2 Putting the pieces together

The macrophage experiment has samples across 2 contexts, the host and parasite. The following block sets up one experiment for each. If you open the all_samples-species.xlsx files, you will note immediately that a few different attempts were made at ascertaining the most likely experimental factors that contributed to the readily apparent batch effects.

2.1 The human transcriptome mappings

Keep in mind that if I change the experimental design with new annotations, I must therefore regenerate the following.

hs_final_annotations <- hs_annotations
hs_final_annotations <- hs_final_annotations[, c("ensembl_transcript_id", "ensembl_gene_id",
                                                 "hgnc_symbol", "description", "gene_biotype")]
hs_final_annotations$rn <- rownames(hs_final_annotations)
note <- "New experimental design factors by snp added 2016-09-20"
hs_final_annotations <- merge(hs_final_annotations, g2c_df,
                              by.x="hgnc_symbol", by.y="row.names", all.x=TRUE)
rownames(hs_final_annotations) <- hs_final_annotations$rn
hs_final_annotations$rn <- NULL
na_idx <- is.na(hs_final_annotations$xcell_types)
hs_final_annotations[na_idx, "xcell_types"] <- ""

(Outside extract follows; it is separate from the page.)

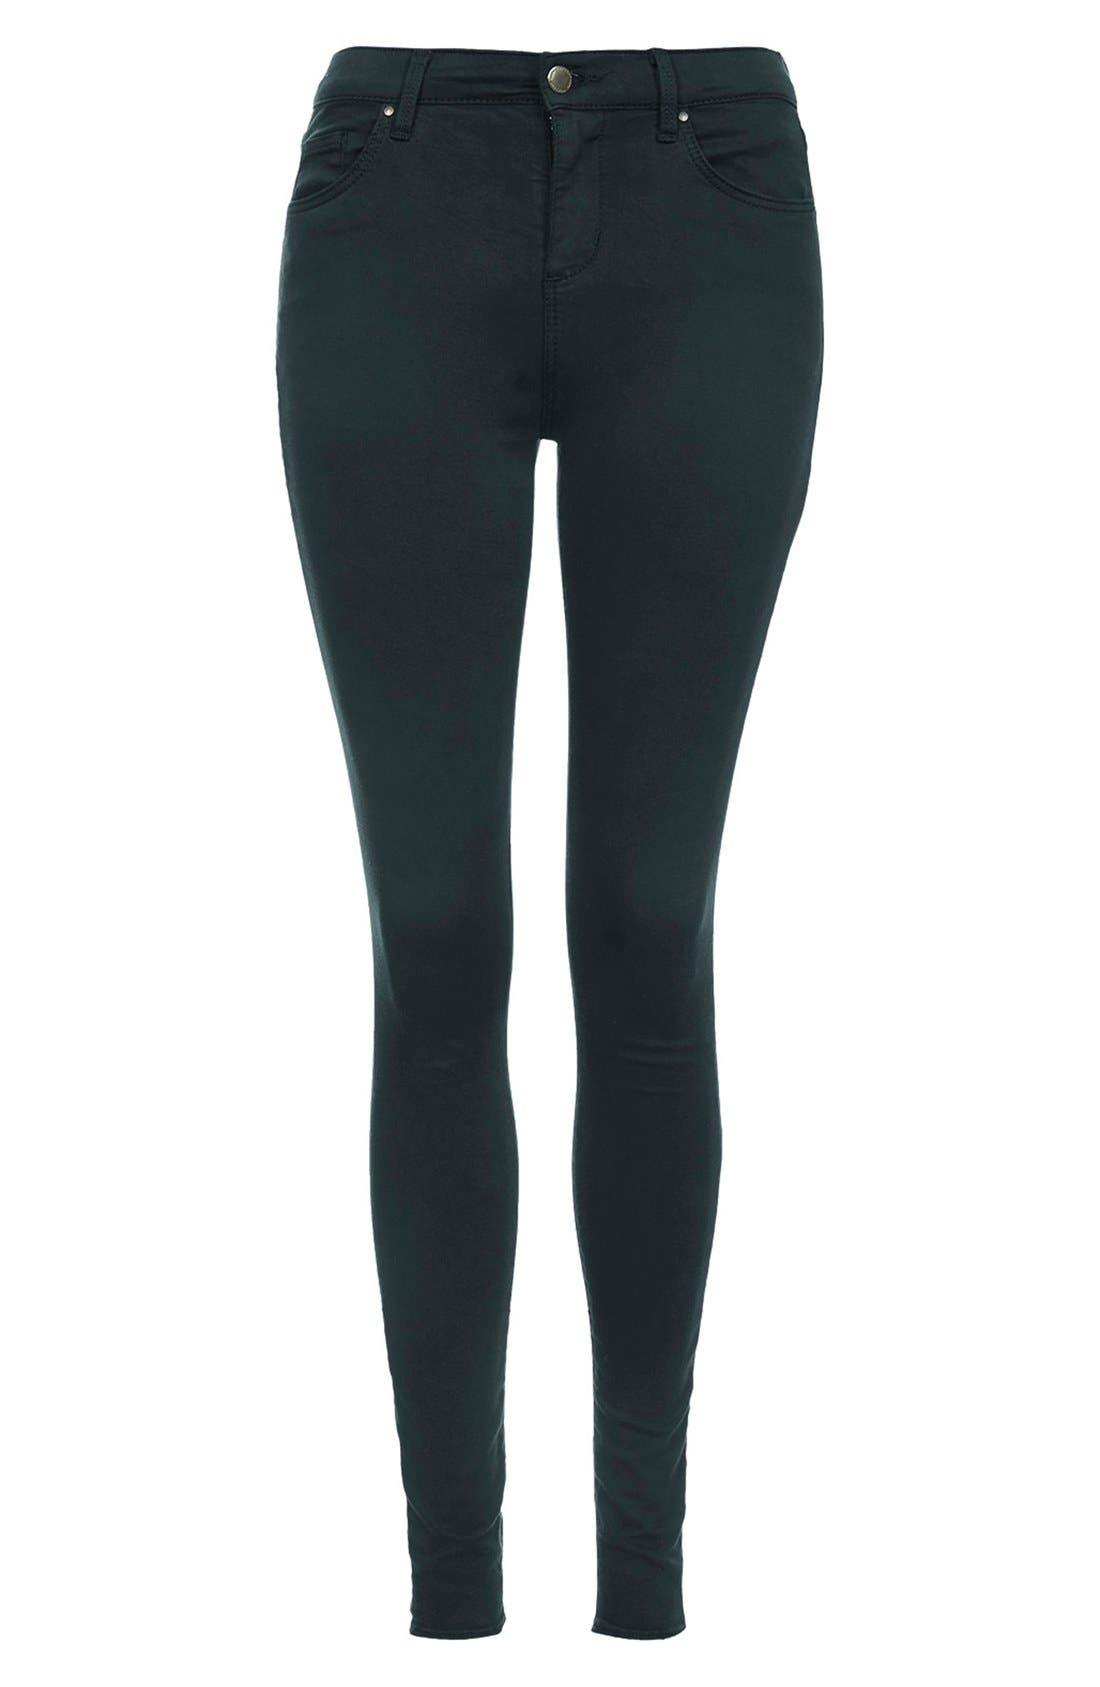 Alternate Image 3  - Topshop Moto 'Leigh' High Rise Skinny Jeans (Teal) (Regular & Short)

hs_expt <- sm(create_expt("sample_sheets/all_samples-combined.xlsx",
                          gene_info=hs_final_annotations,
                          file_column="humanfile",
                          notes=note))
hs_annotations <- fData(hs_expt)
undef_idx <- hs_annotations == "undefined"
hs_annotations[undef_idx] <- FALSE
fData(hs_expt[["expressionset"]]) <- hs_annotations

knitr::kable(head(hs_expt$design, n=1))

	sampleid	pathogenstrain	experimentname	tubelabel	alias	condition	batch	anotherbatch	snpclade	snpcladev2	snpcladev3	pathogenstrain.1	label	donor	time	pctmappedparasite	pctcategory	state	sourcelab	expperson	pathogen	host	hostcelltype	noofhostcells	infectionperiodhpitimeofharvest	moiexposure	parasitespercell	pctinf	rnangul	rnaqcpassed	libraryconst	libqcpassed	index	descriptonandremarks	observation	lowercaseid	humanfile	parasitefile	file
HPGL0241	HPGL0241	none	macrophage	TM130-Nil (Blue label)	Nil	uninf	a	a	undef	undef	undef	none	uninf_1	d130	undef	undef	0	uninfected	Ade	Adriana	none	Human	Human macs	Max 2 mill	2h - 24h chase period	NA	unknown	unknown	468	Y	Wanderson	Y	1	Uninfected human macrophages	NA	hpgl0241	preprocessing/hpgl0241/outputs/tophat_hsapiens/accepted_paired.count.xz	undef	null

cds_entries <- fData(hs_expt)
cds_entries <- cds_entries[["gene_biotype"]] == "protein_coding"
hs_cds_expt <- hs_expt
hs_cds_expt$expressionset <- hs_cds_expt$expressionset[cds_entries, ]
new_cds_entries <- fData(hs_cds_expt)

2.2 The parasite transcriptome mappings

parasite_expt <- sm(create_expt("sample_sheets/all_samples-combined.xlsx",
                             gene_info=lp_annotations, file_column="parasitefile"))
knitr::kable(head(parasite_expt$design, n=3),
             caption="The first three rows of the parasite experimental design.")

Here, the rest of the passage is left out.